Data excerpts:
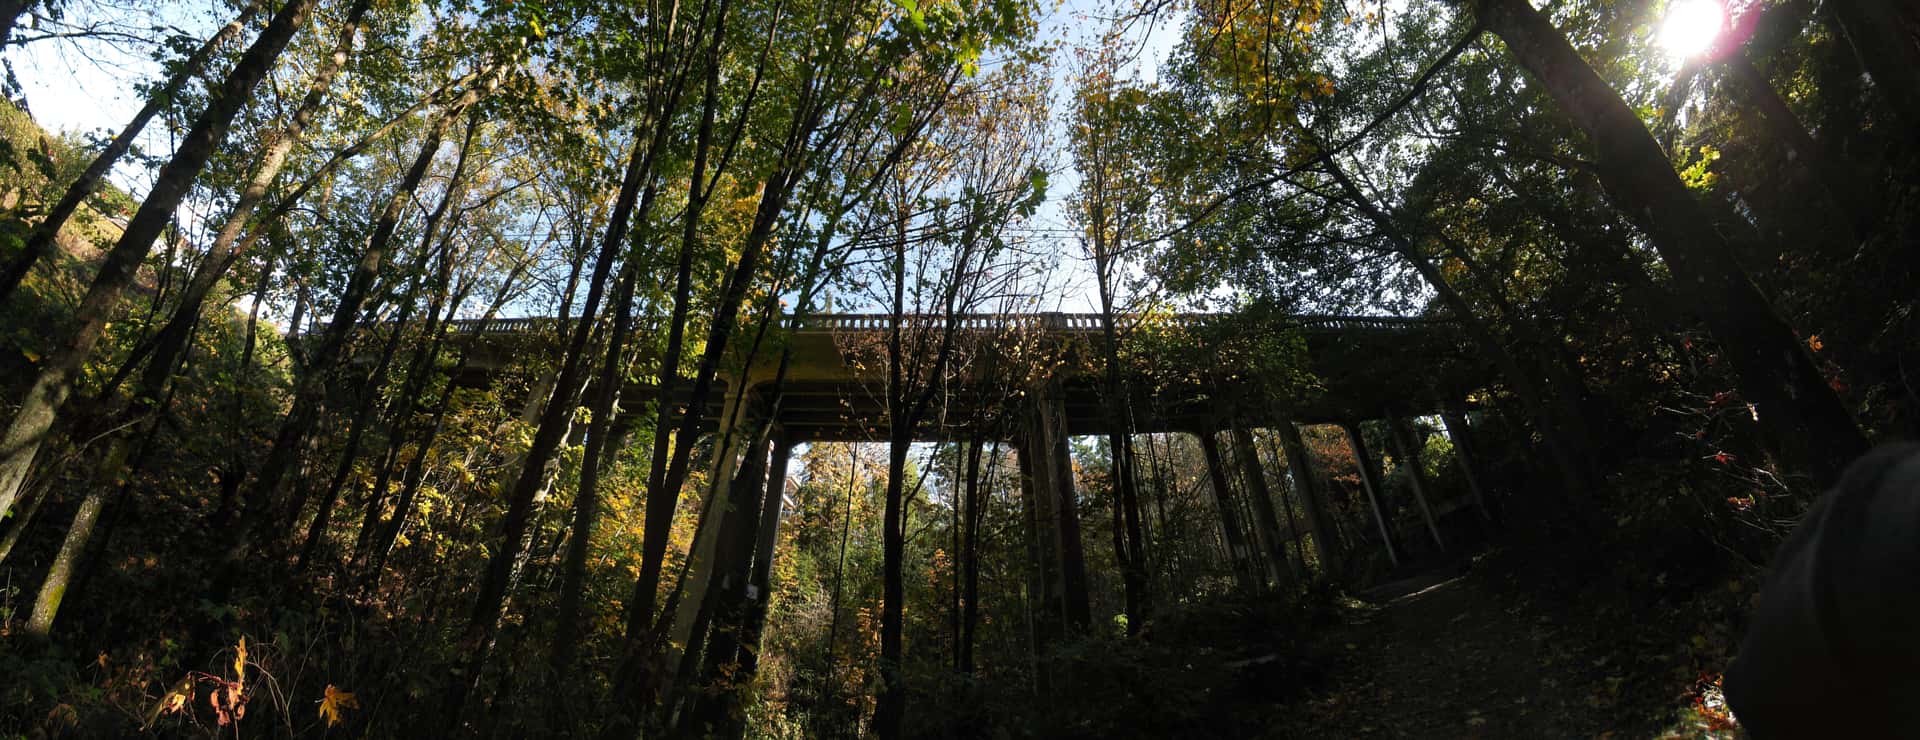 Padden Creek Bridge spanning the ravine, level with sunlit treetops
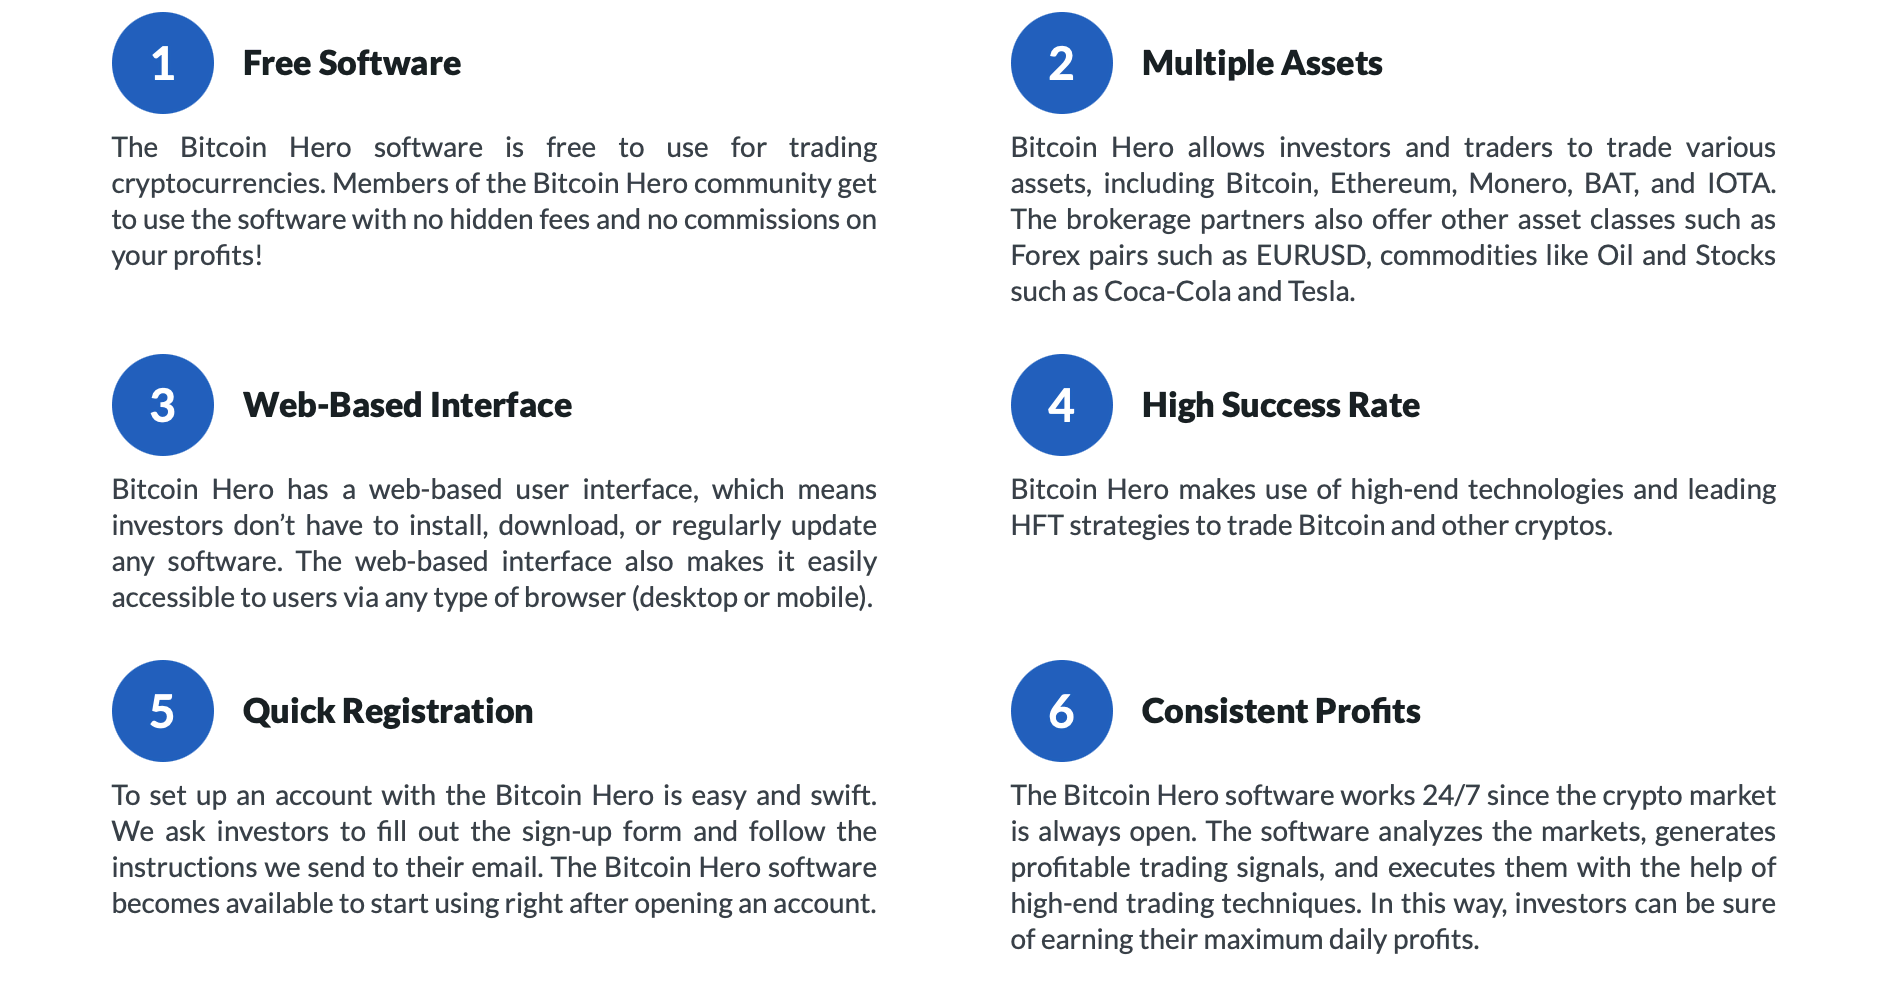 Advantages of Bitcoin Hero
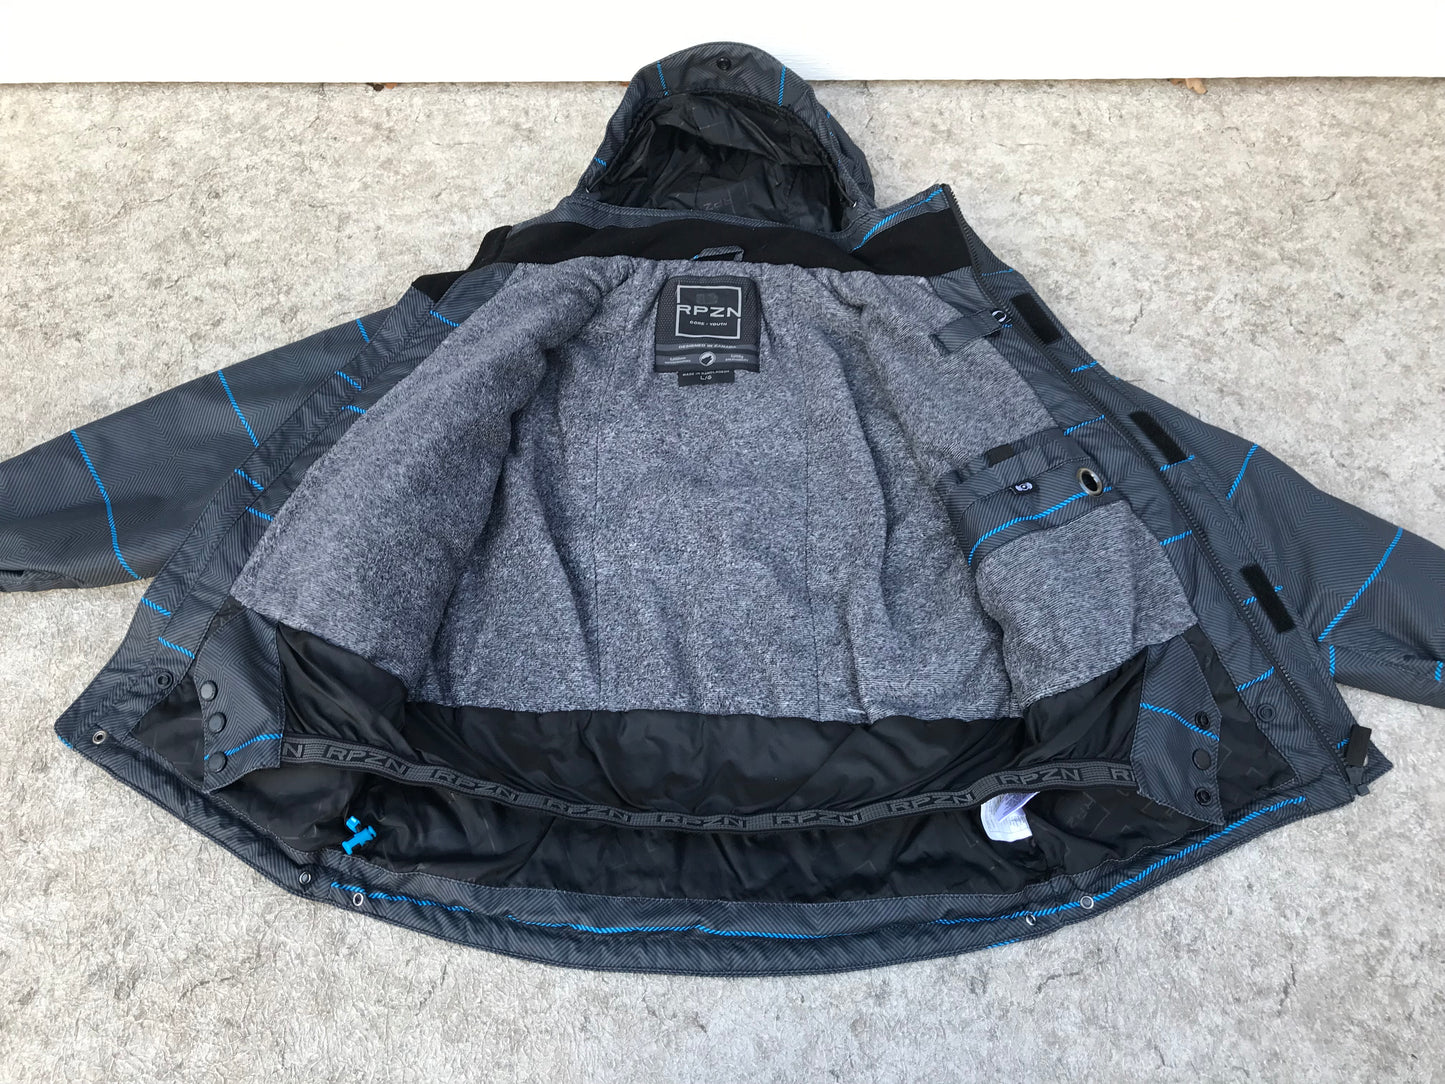 Winter Coat Child Size 12-14 Ripzone Core Black Blue With Snow Belt New Demo Model
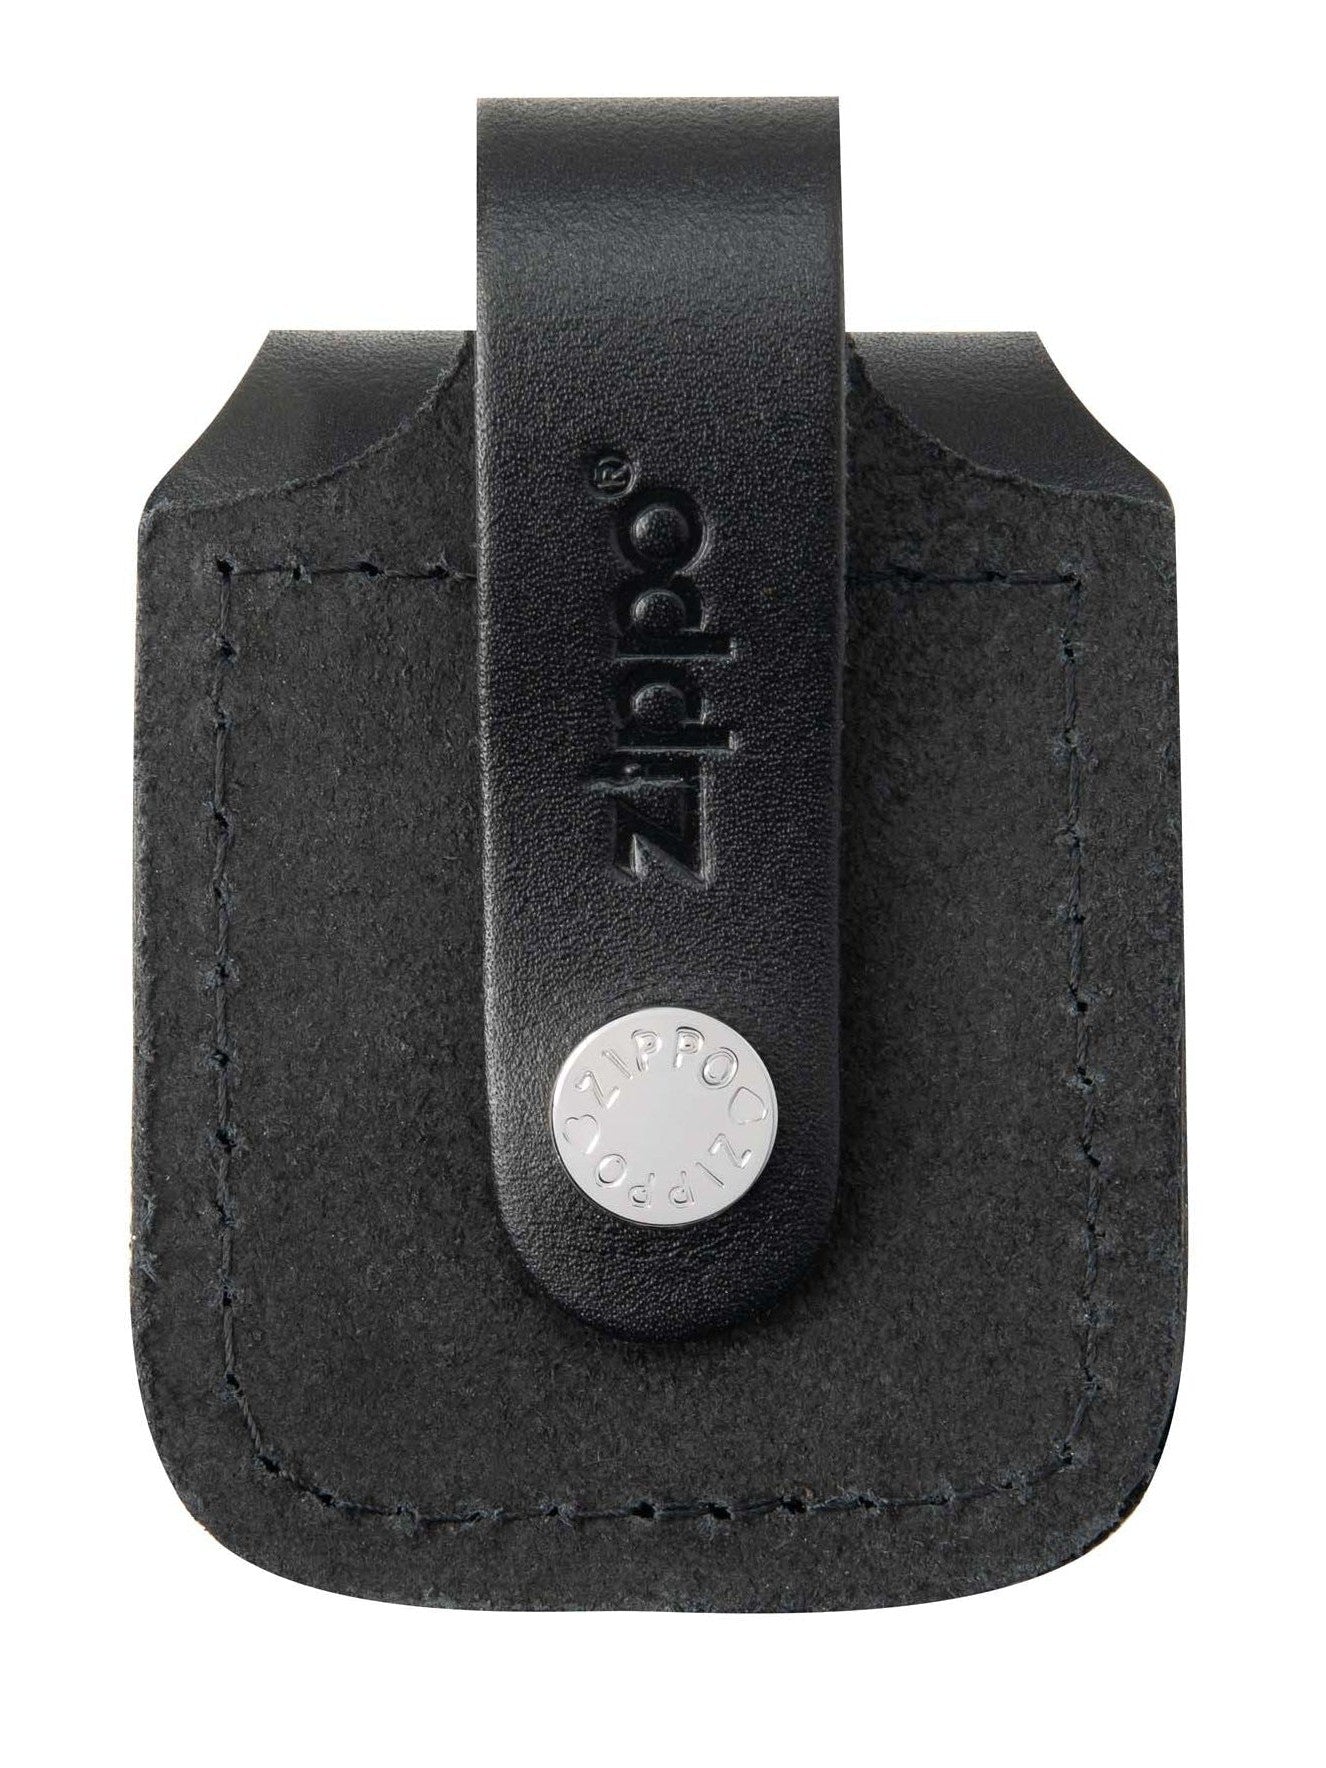 Zippo Jack Daniel's Lighter and Pouch Gift Set - Black Matte 48460
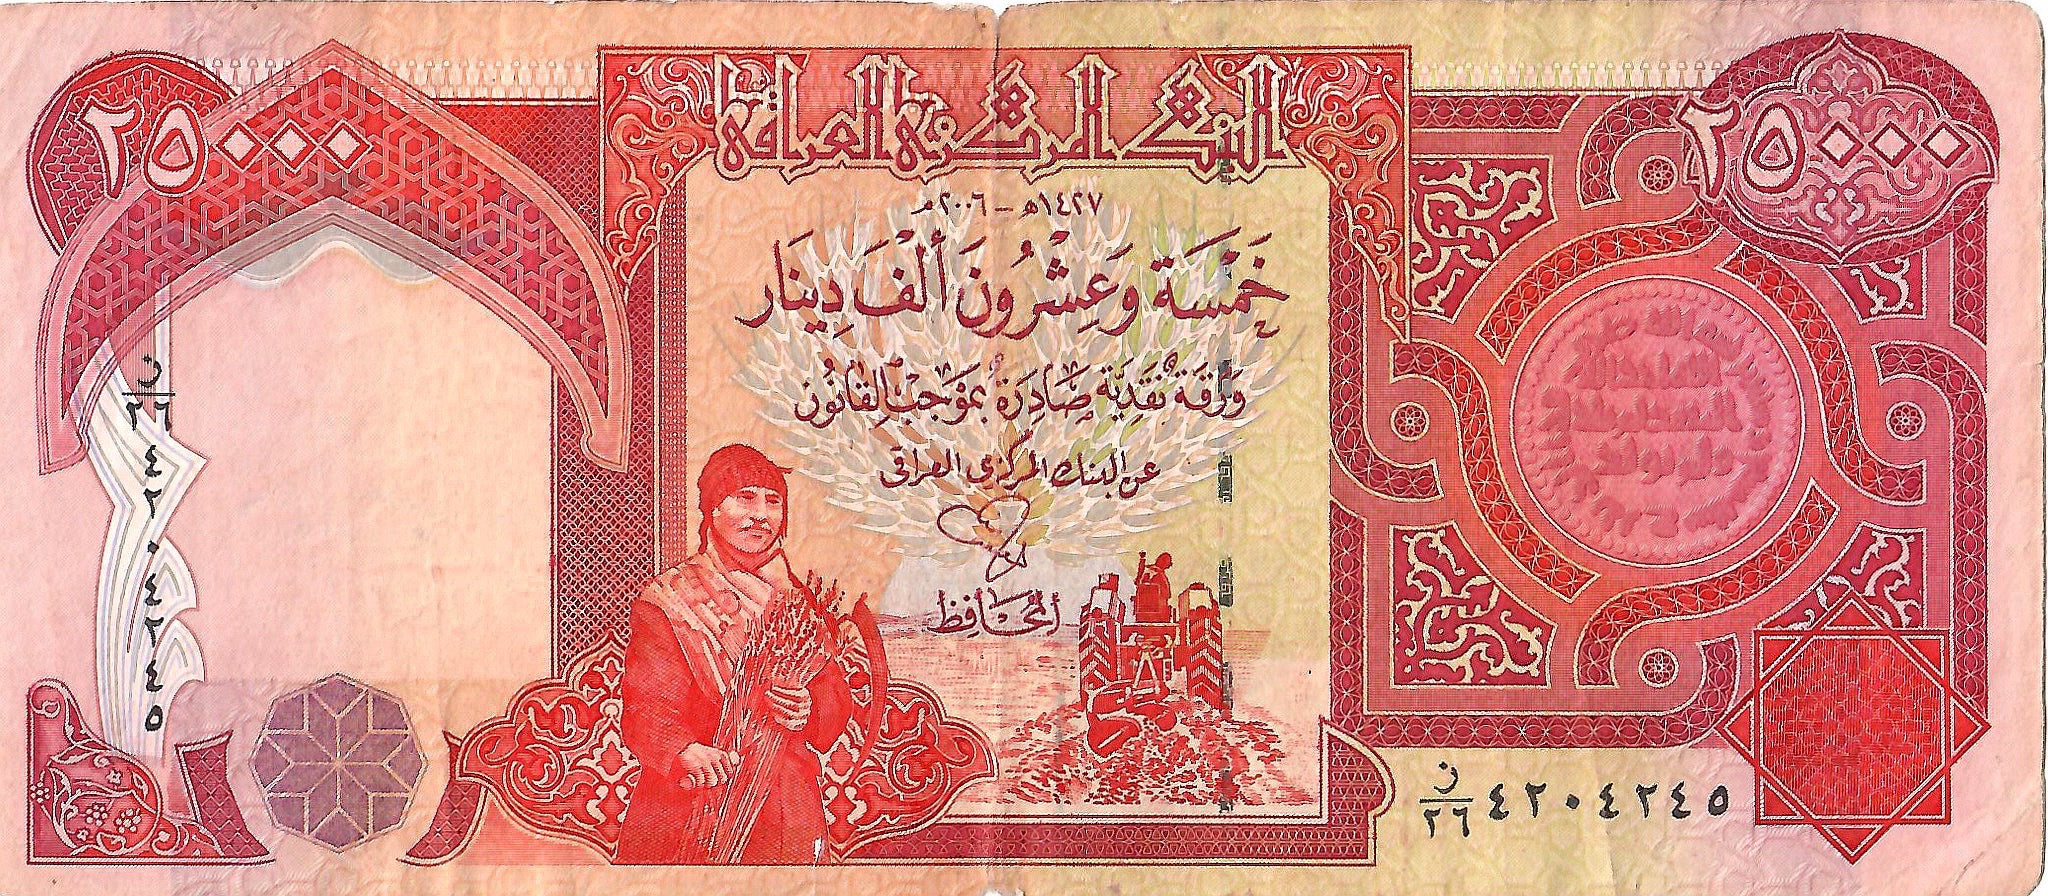 Iraq 25,000 Dinars Banknote, 2006, P-96c, CIR

**Required work**
Would you write out the data exactly, with no pictures in the copy?

**Expected output**
 Padden Creek Bridge spanning the ravine, level with sunlit treetops
 Advantages of Bitcoin Hero
 Winter Coat Child Size 12-14 Ripzone Core Black Blue With Snow Belt New Demo Model
 Zippo Jack Daniel's Lighter and Pouch Gift Set - Black Matte 48460
 Iraq 25,000 Dinars Banknote, 2006, P-96c, CIR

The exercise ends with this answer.